## Material provided
□ □ □ □ □ □ □

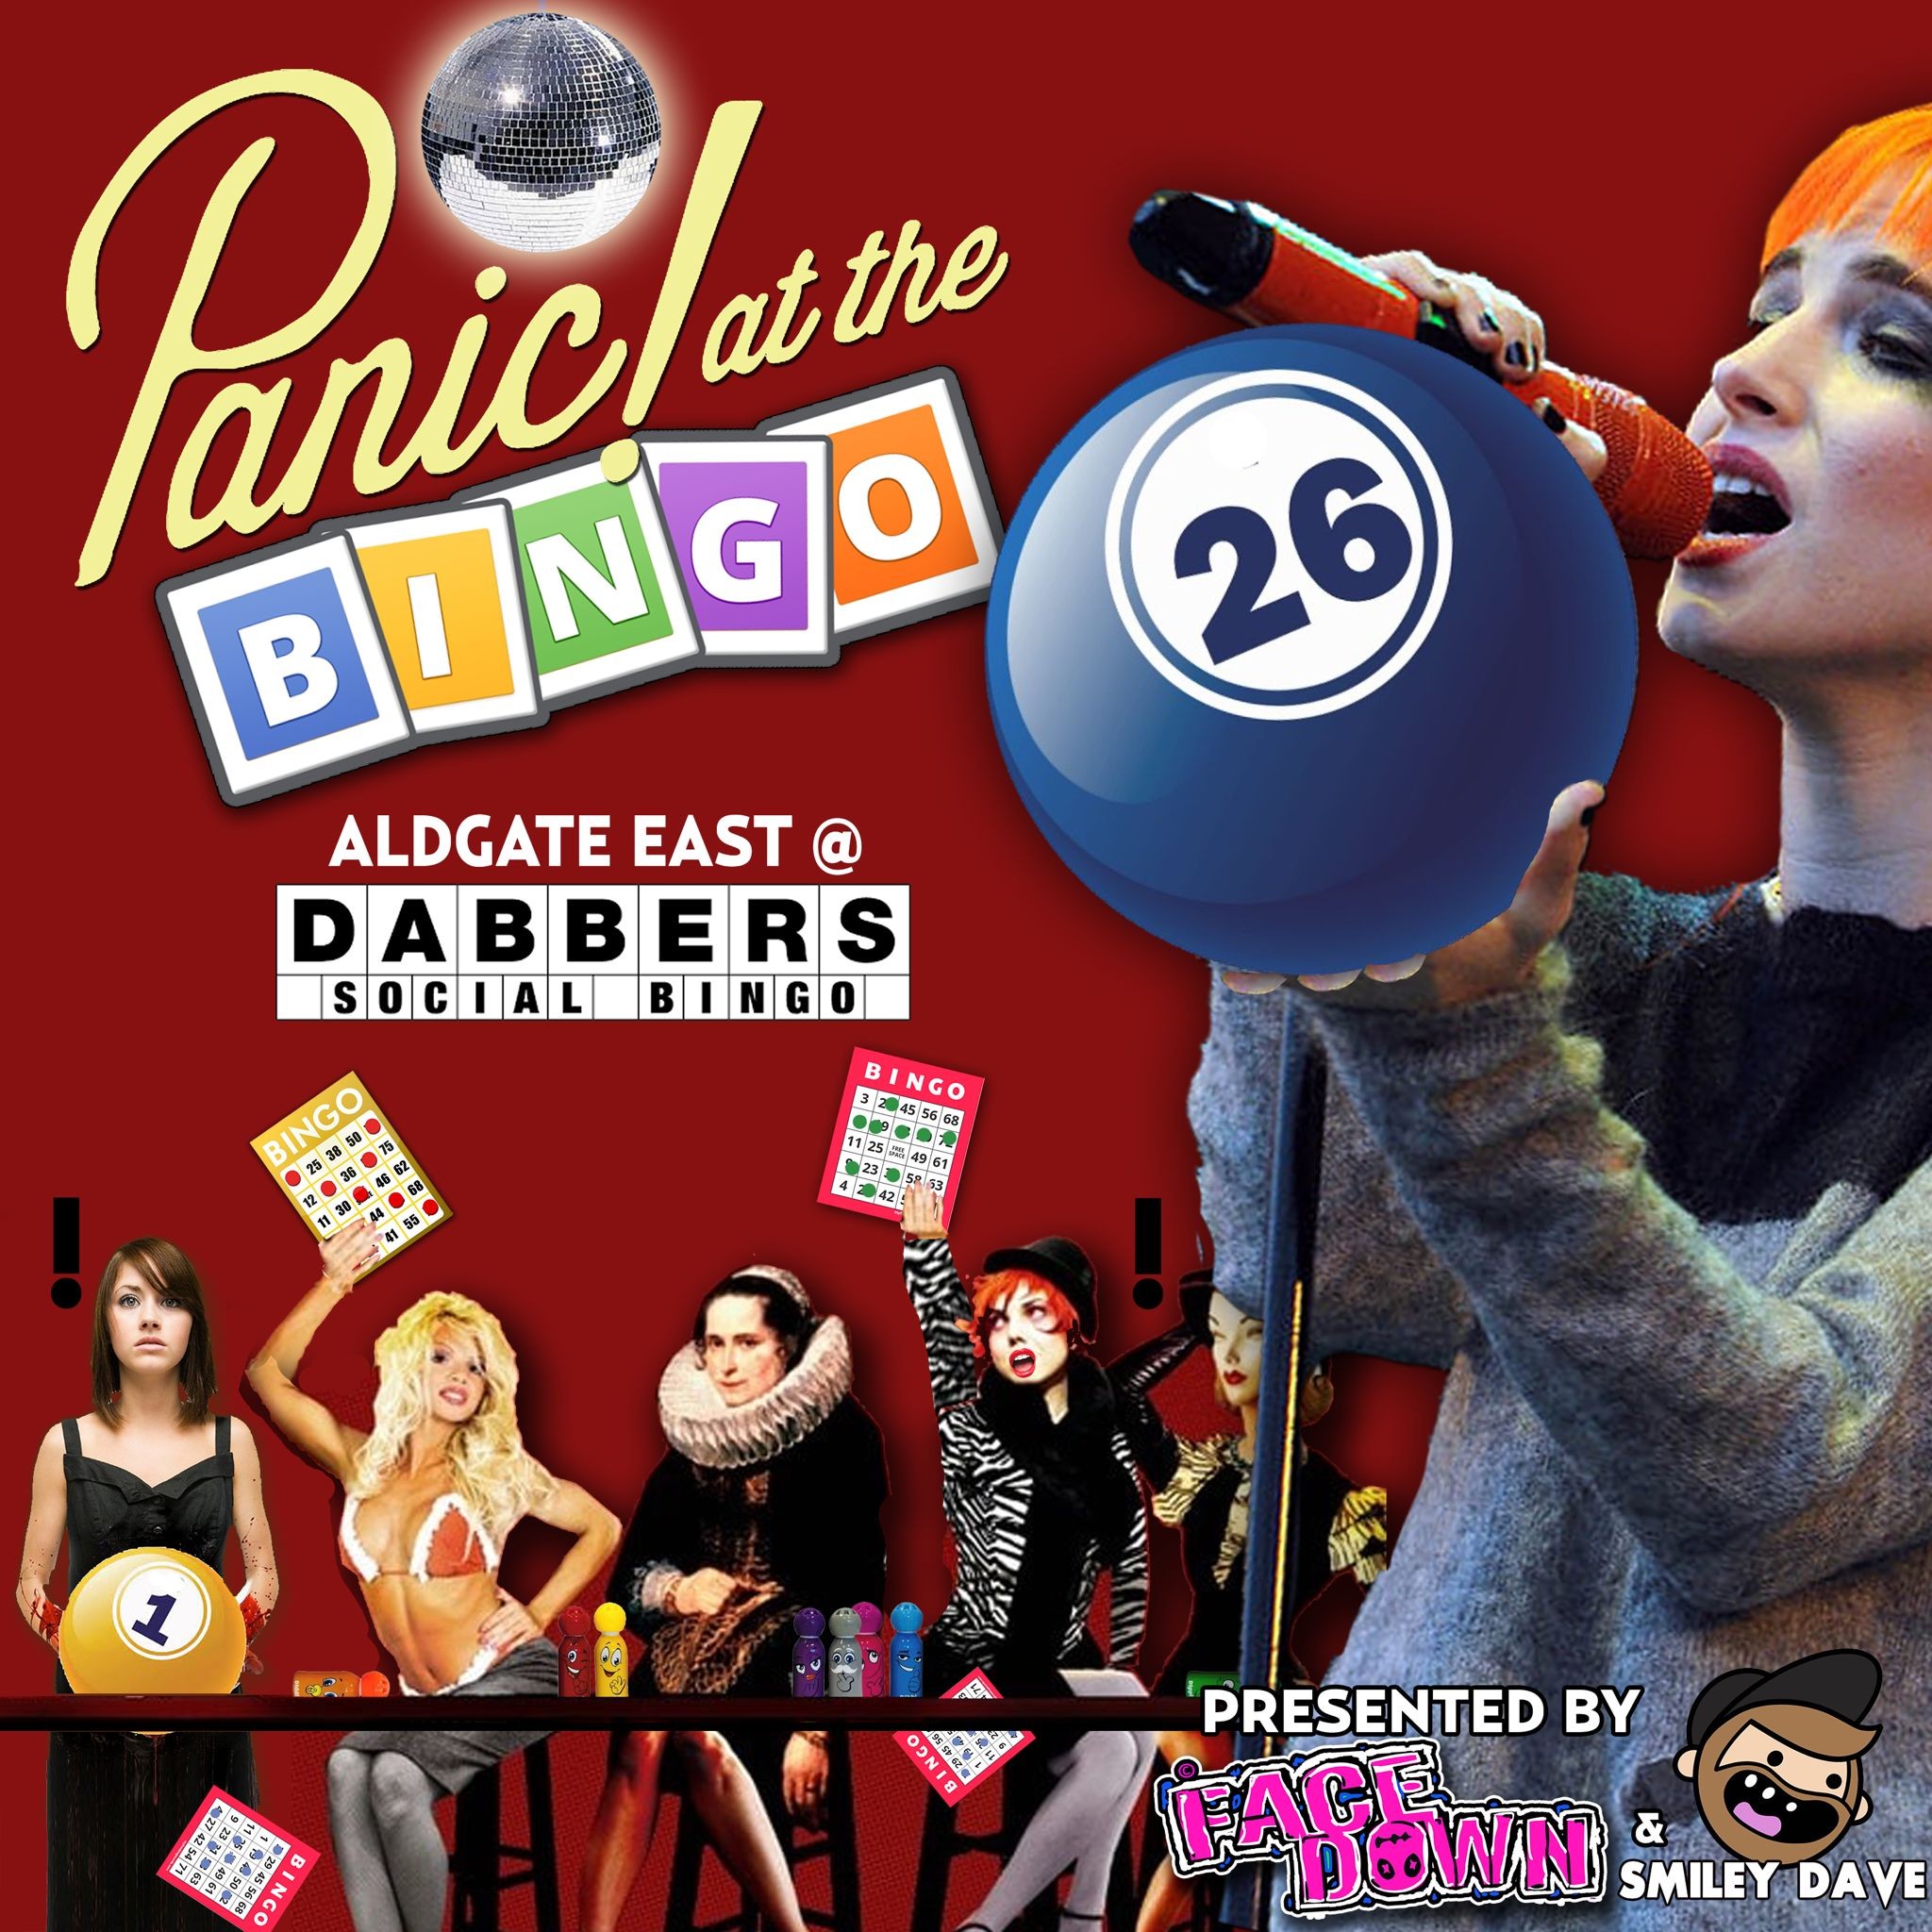 Panic! at the Bingo
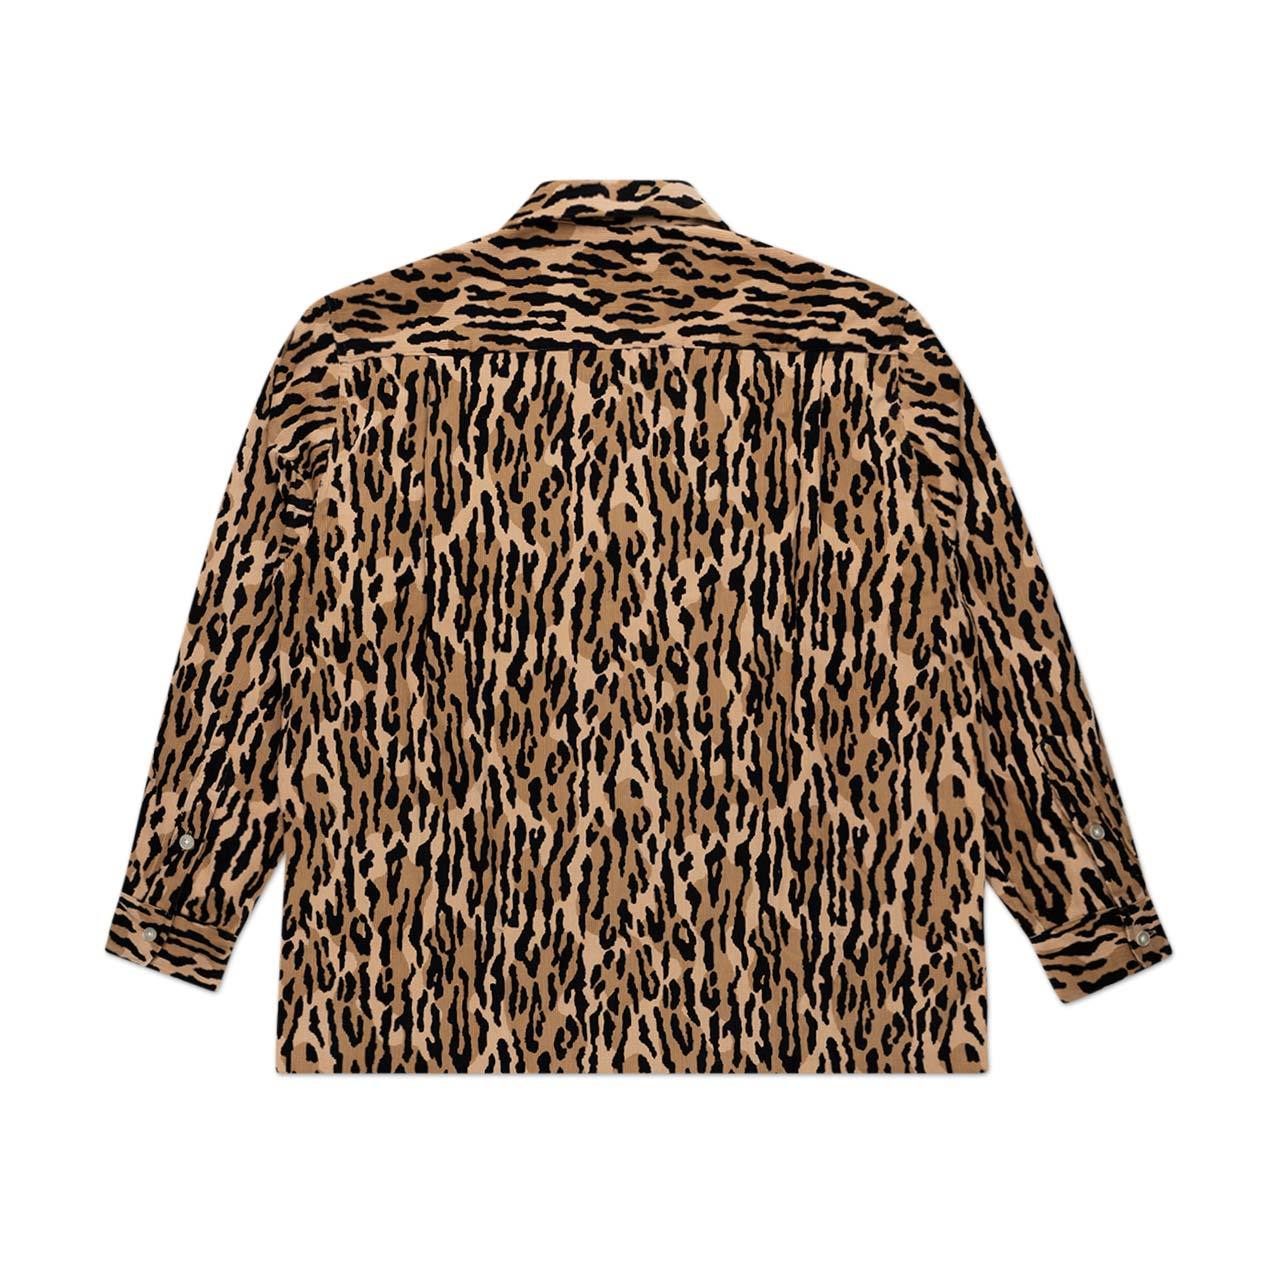 wacko maria wacko maria corduroy open collar shirt (leopard)
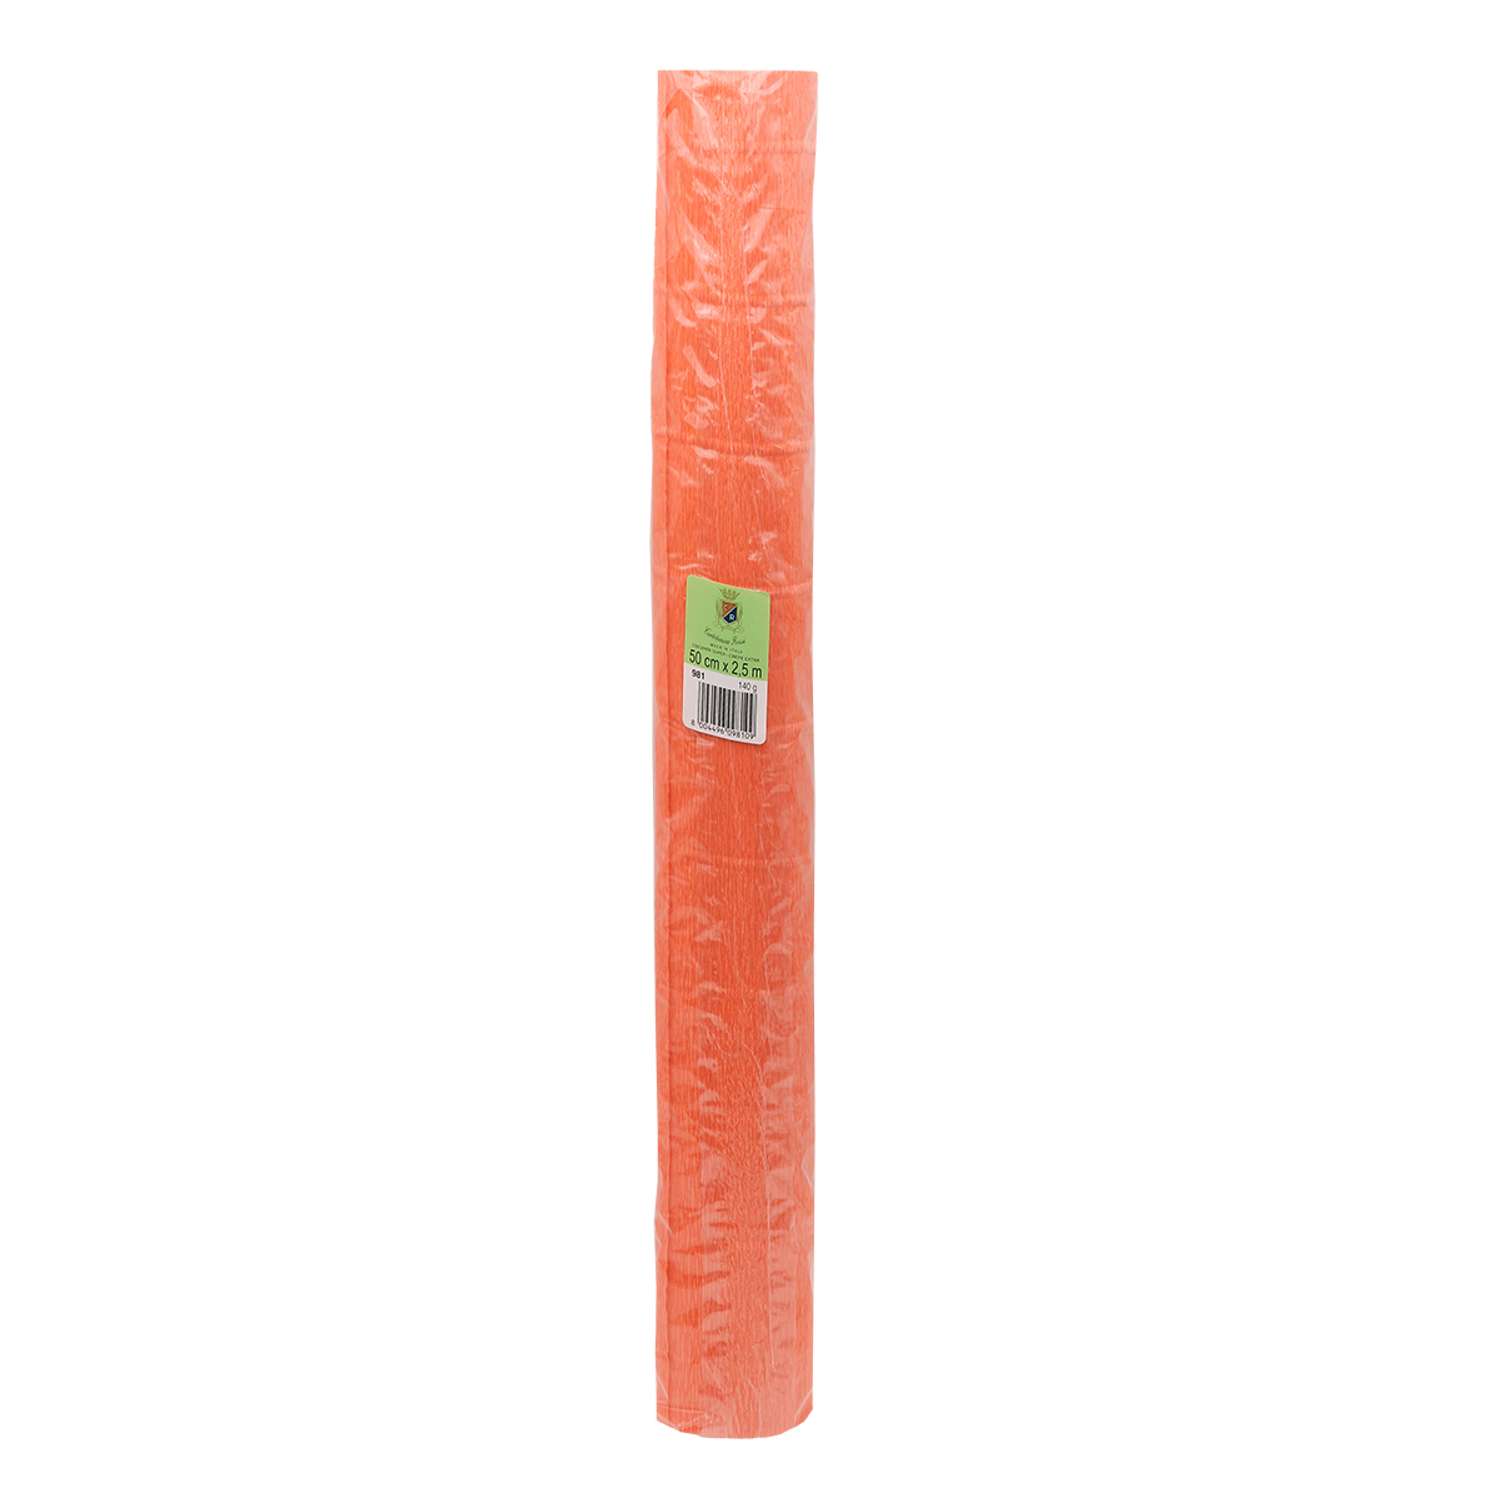 Бумага Айрис гофрированная креповая для творчества 50 см х 2.5 м 140 гр оранжевая - фото 4

□ □ □ □ □ □ □

## Problem requirements
The line containing "wacko maria wacko" and every line after it, through the end of the data, are to be output exactly. Omit the pictures.

## Response below
 wacko maria wacko maria corduroy open collar shirt (leopard)
 Бумага Айрис гофрированная креповая для творчества 50 см х 2.5 м 140 гр оранжевая - фото 4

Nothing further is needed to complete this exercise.